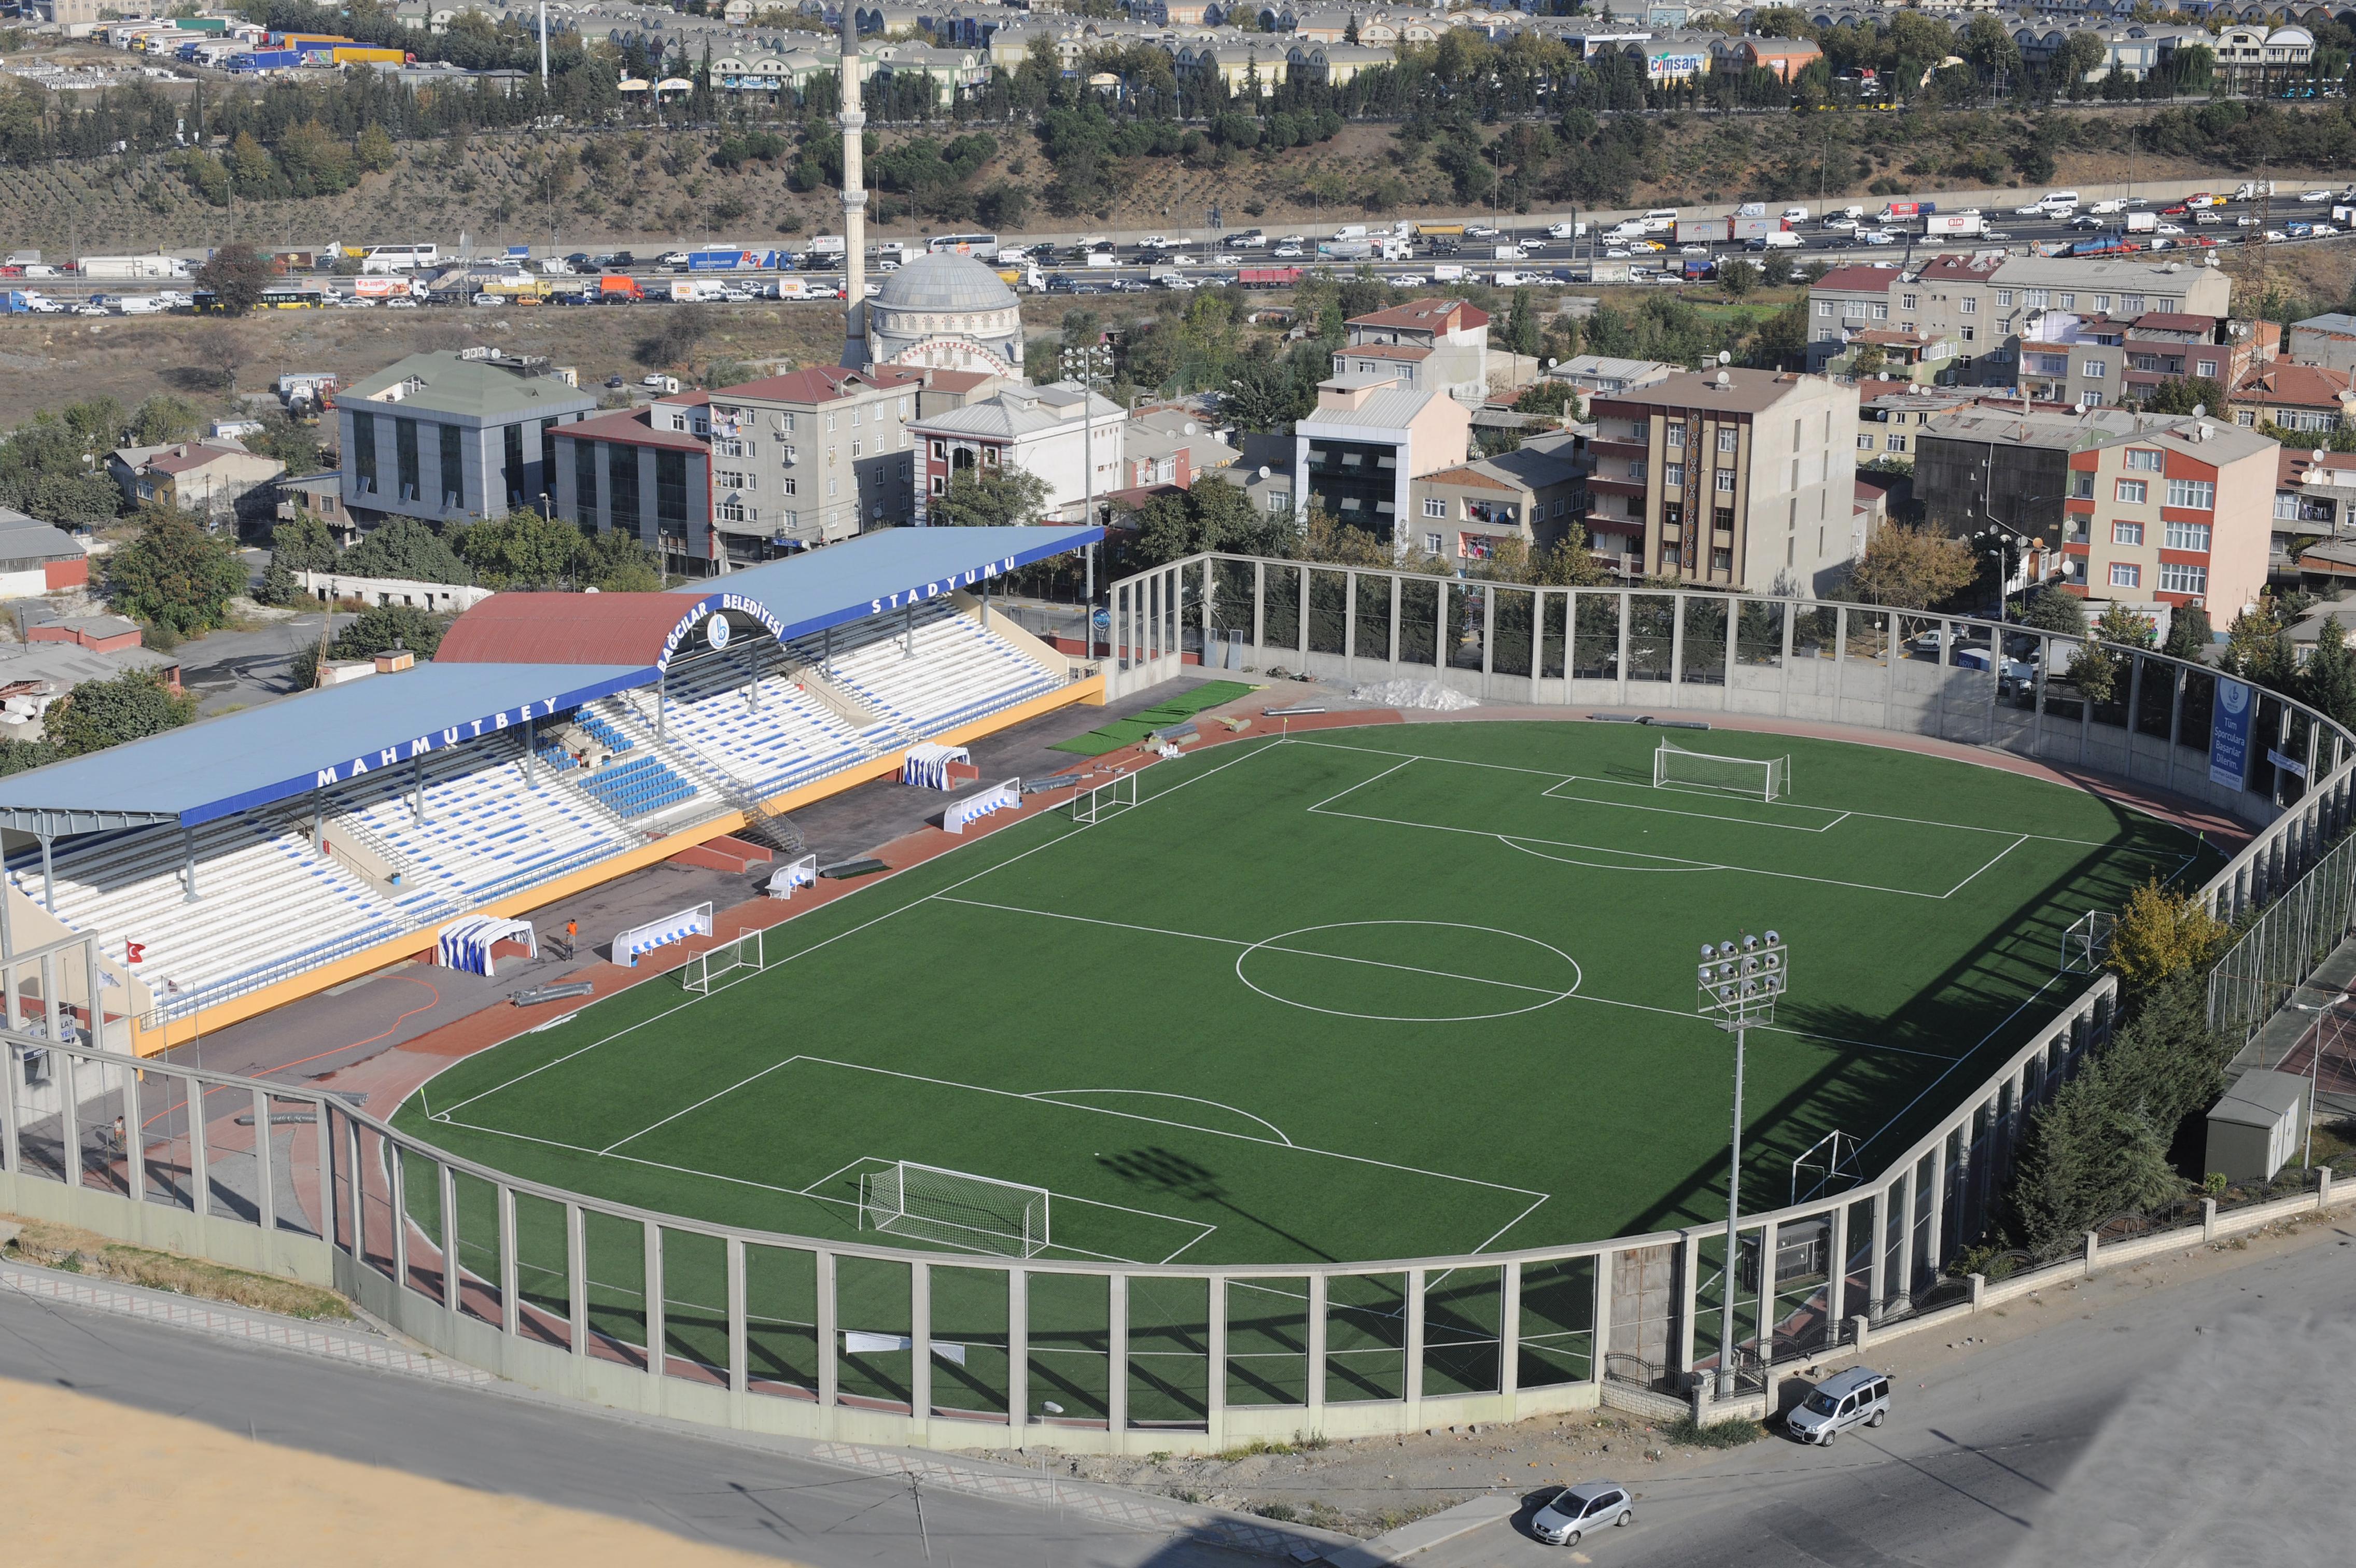 Belediye Stadyumu ( Mahmutbey Stadyumu )
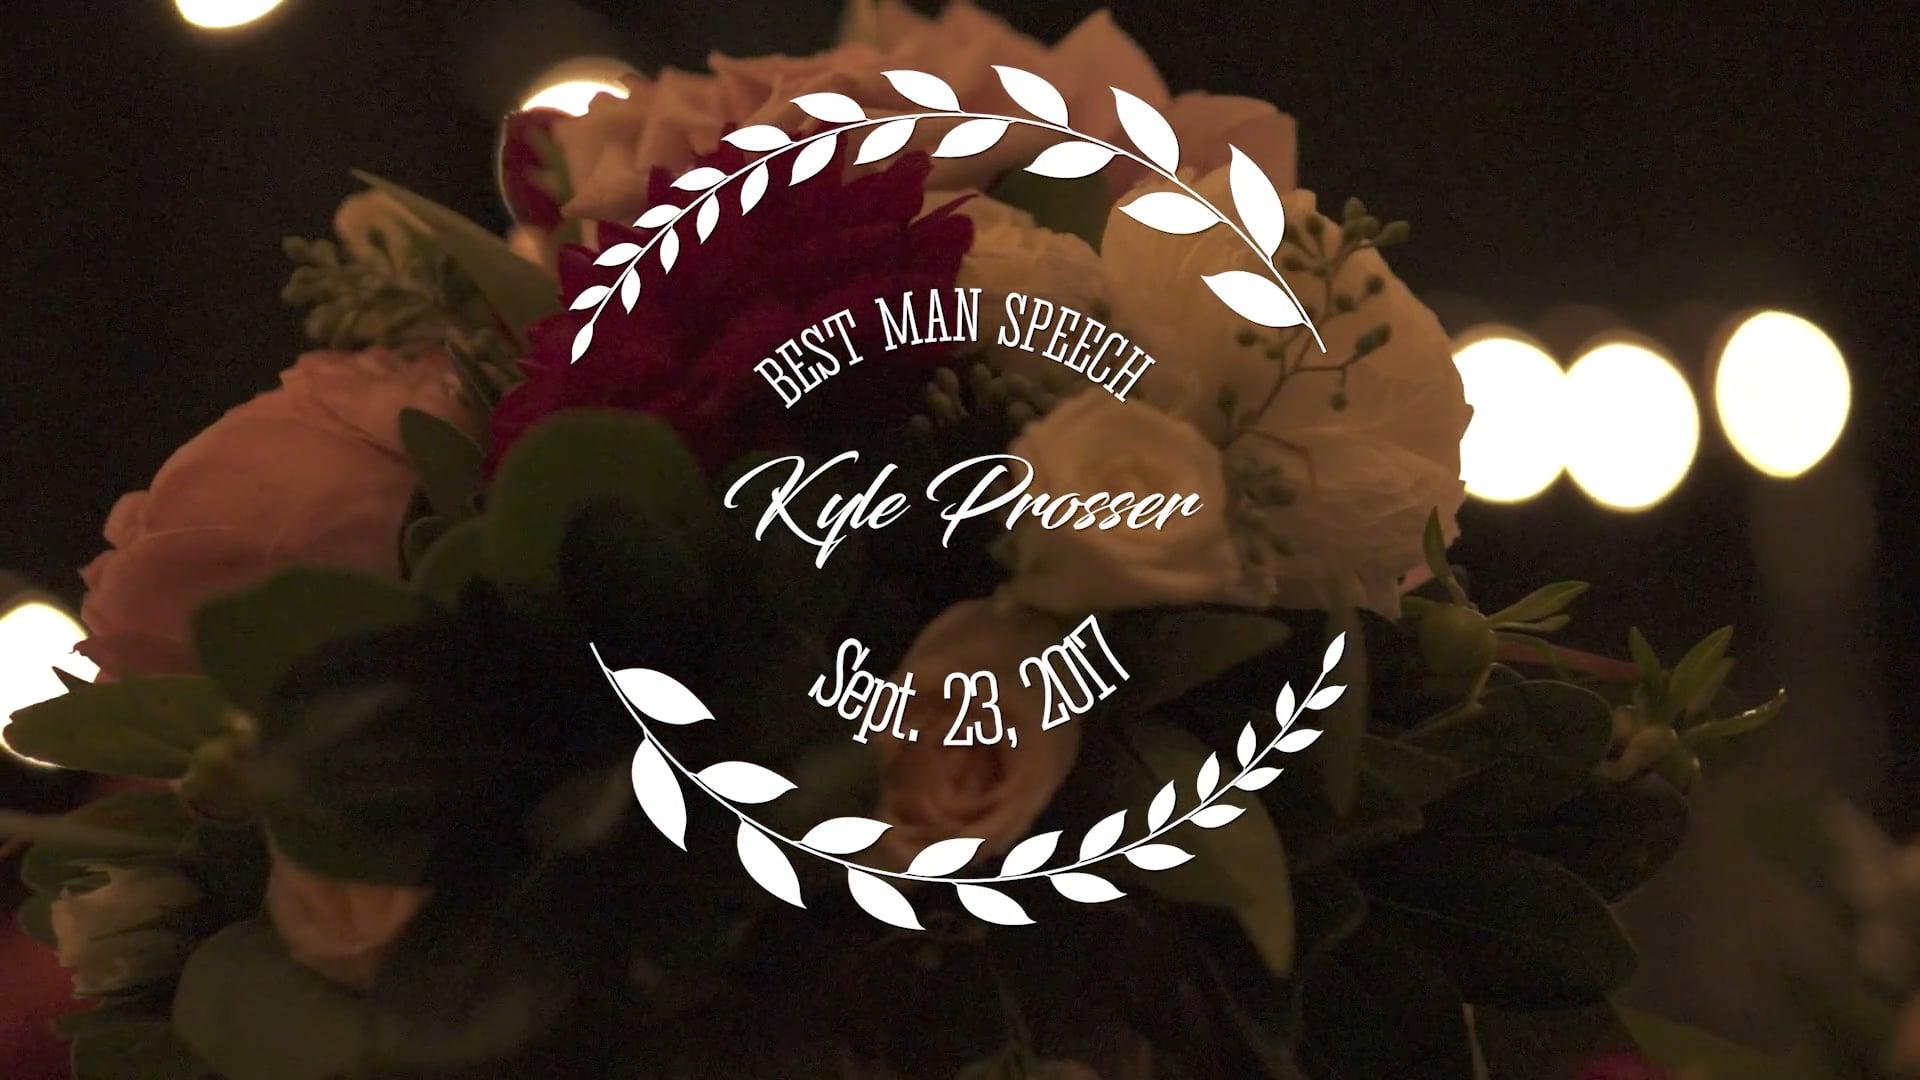 Melissa + Erik Prosser Wedding -  Best Man Speech
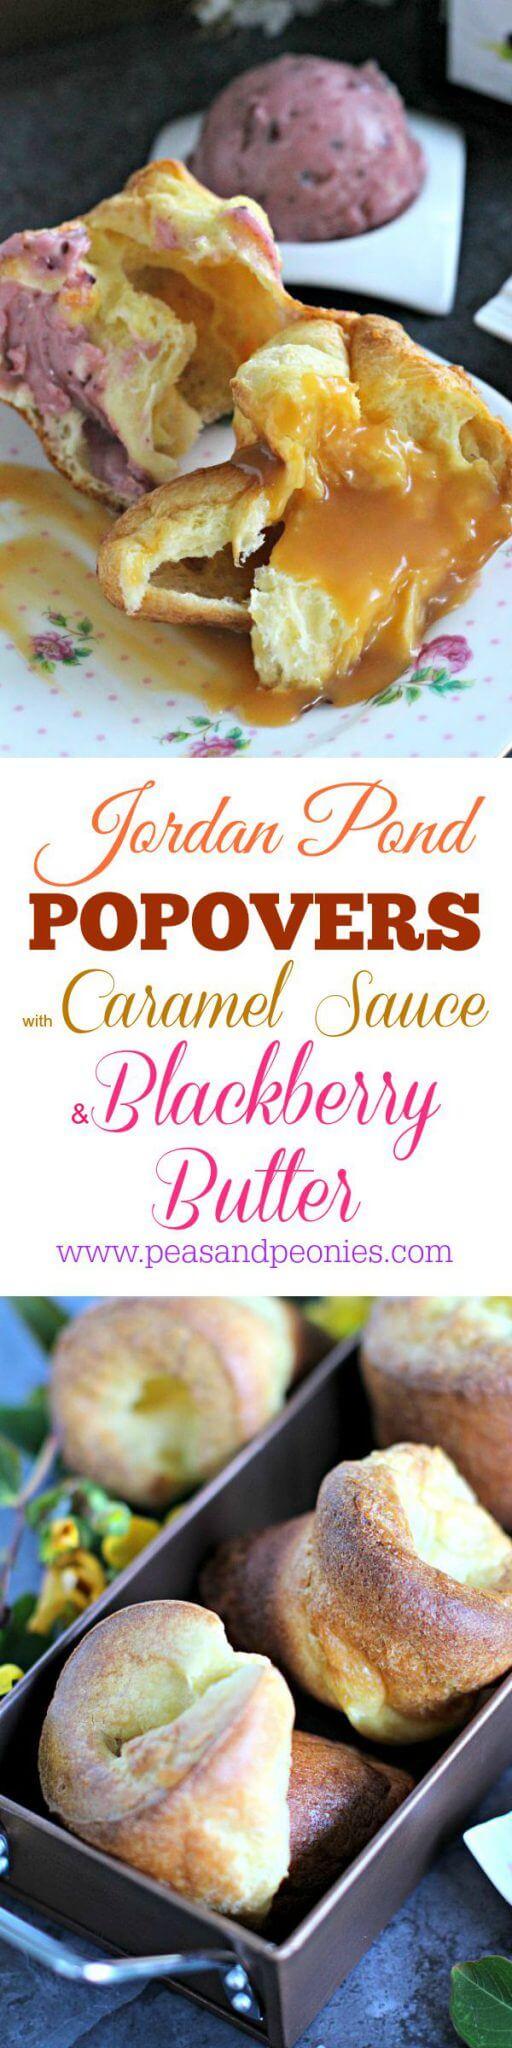 JORDAN POND POPOVERS RECIPE PIN
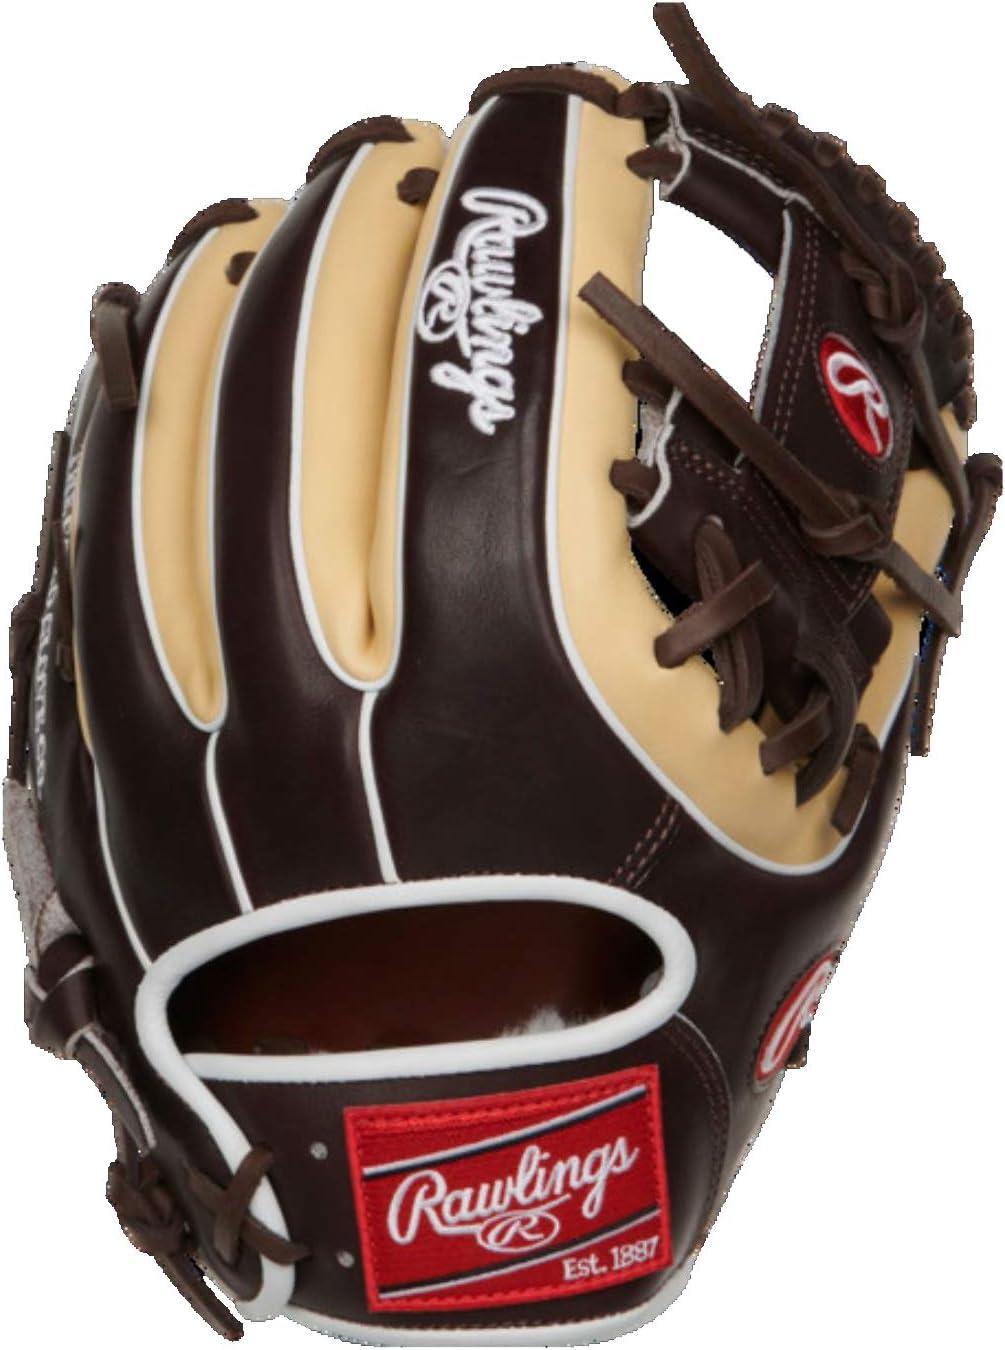 Rawlings Pro Preferred 11.75 Baseball Glove PROS315-2CMO PROS315-2CMO

#####

Work required -
Your copy should run from the line that has "Melissa + Erik" through the last line above, exactly, with both ends in and pictures out.

Output for this exercise -
 Melissa + Erik Prosser Wedding -  Best Man Speech
 JORDAN POND POPOVERS RECIPE PIN
 Rawlings Pro Preferred 11.75 Baseball Glove PROS315-2CMO PROS315-2CMO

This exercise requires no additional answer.